I WAS just turned twenty-one,
And Henry Phipps, the Sunday-school superintendent,
Made a speech in Bindle’s Opera House.
“The honor of the flag must be upheld,” he said,
“Whether it be assailed by a barbarous tribe of Tagalogs         5
Or the greatest power in Europe.”
And we cheered and cheered the speech and the flag he waved
As he spoke.
And I went to the war in spite of my father,
And followed the flag till I saw it raised  10
By our camp in a rice field near Manila,
And all of us cheered and cheered it.
But there were flies and poisonous things;
And there was the deadly water,
And the cruel heat,  15
And the sickening, putrid food;
And the smell of the trench just back of the tents
Where the soldiers went to empty themselves;
And there were the whores who followed us, full of syphilis;
And beastly acts between ourselves or alone,  20
With bullying, hatred, degradation among us,
And days of loathing and nights of fear
To the hour of the charge through the steaming swamp,
Following the flag,
Till I fell with a scream, shot through the guts.  25
Now there’s a flag over me in Spoon River!
A flag!

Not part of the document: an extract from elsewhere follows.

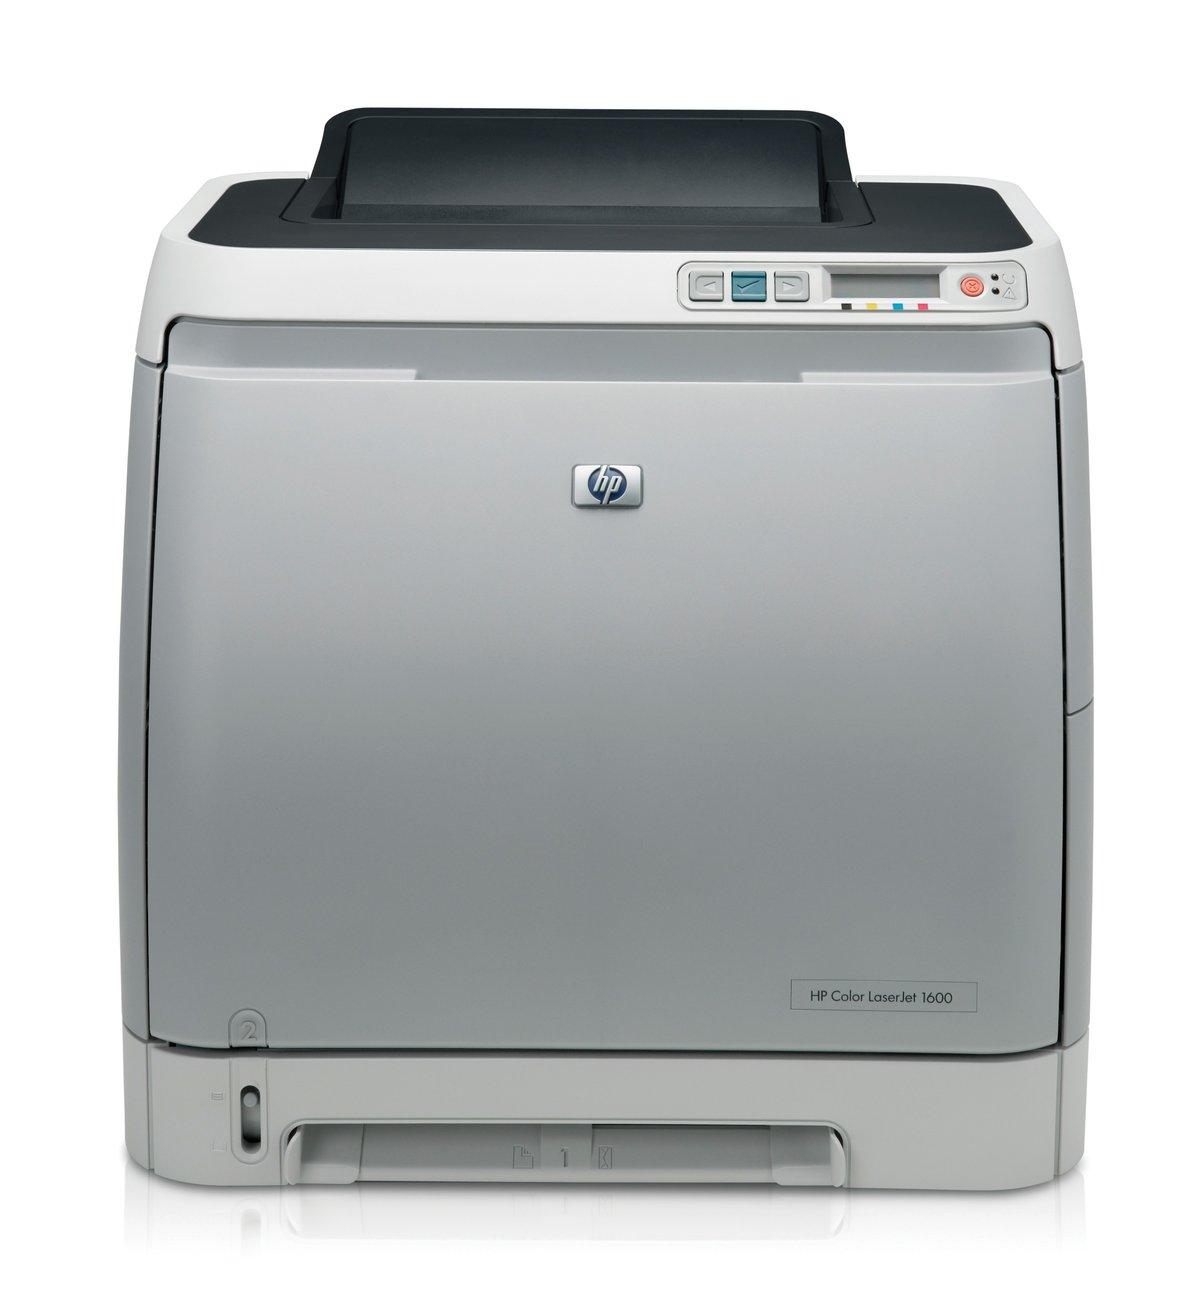 slide 1 of 3,show larger image, hp color laserjet 1600 printer

A flag!

2 comments:

Jim L said...

Wars are fought by young men because you can't get the older ones to go.

I may have to read this, although I typically "don't like poetry." :)

karen lindsey said...

this is one of those poems that's both good poetry and very accessible--looking it up for the occasion i realize how long it's been since i read the whole book. so yet another small summer project [s]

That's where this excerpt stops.